On October 20, as Caravanserai previously reported, Uzbekistan assumed the rotating chairmanship of the Organisation of Islamic Co-operation (OIC). In the Tashkent Declaration, attendees of the OIC countries' foreign ministers' summit -- held in Tashkent October 18-19 -- committed to "dissemination of knowledge about enlightened Islam", according to the OIC website.

"The Islamic region ... condemns any violence and destruction," Uzbekistani Grand Mufti Usmonkhon Alimov said at the November 2 Bukhara Province conference, according to religions.uz. "It encourages people to fight these kinds of ills."

Educating youth, fighting ignorance and extremist ideology

The conference participants in Bukhara Province agreed on the need to step up the spiritual education of youth.
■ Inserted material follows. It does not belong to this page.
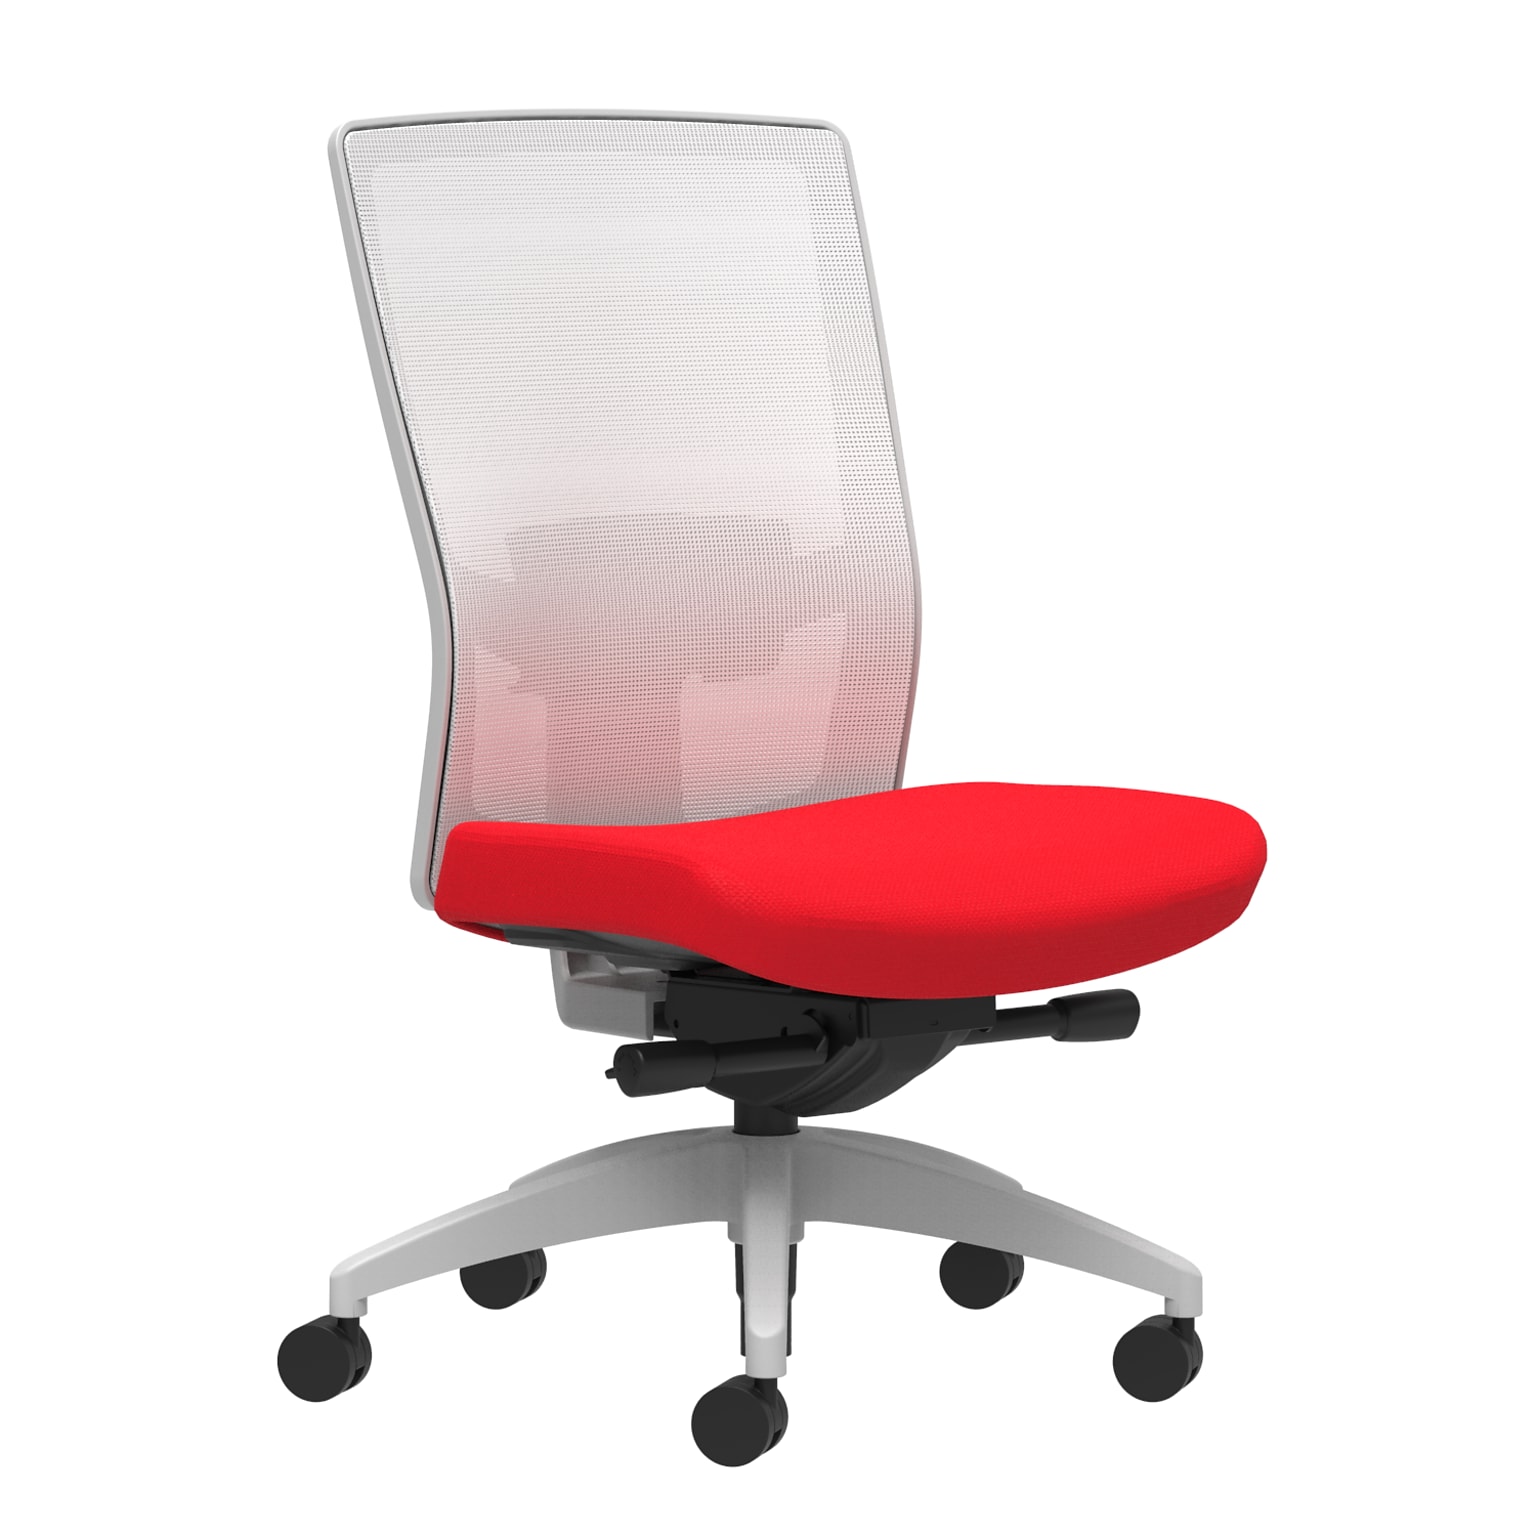 Union & Scale Workplace2.0™ Fabric Task Chair, Ruby Red, Adjustable Lumbar, Armless, Advanced Synchro-Tilt Seat Control 53575)

"We decided that we need to keep explaining the dangers of ignorance and of the ideology of violence to young people," Khamdamov said of the Bukhara Province event. "We assigned imams and ulema to work on youths' spiritual and patriotic education."

At the same time, secular schools and universities in Uzbekistan are fighting extremism too.

On October 29, the National University of Uzbekistan (NUU) hosted an outreach event called "Religious extremism, terrorism and their negative consequences", attended by professors and undergraduates.

"Specialists described the impact of extremism on the younger generation and showed a documentary," NUU spokesman Bobir Shoyusupov told Caravanserai. "The students received answers to questions that [they posed]."

"When I look at the freshmen and sophomores, especially the ones from the remote provinces, I realise that these meetings matter to them," NUU student Lobar Bozorova told Caravanserai. "Many of them are only becoming acquainted with the internet ... They need to have the dangers of recruitment explained in laymen's terms."

Countering extremism

Meanwhile, Uzbekistani law enforcement is doing its share by sending dangerous extremists to prison.

"On November 6 in Tashkent, a court convicted four [extremists]," Arif Atajanov, a spokesman for the Prosecutor General's Office, told Caravanserai. "They were spreading extremist propaganda ... and involved other people. The court proved their affiliation with ISIL [the 'Islamic State of Iraq and the Levant]."

The defendants received sentences of 5 to 10 years, Atajanov said.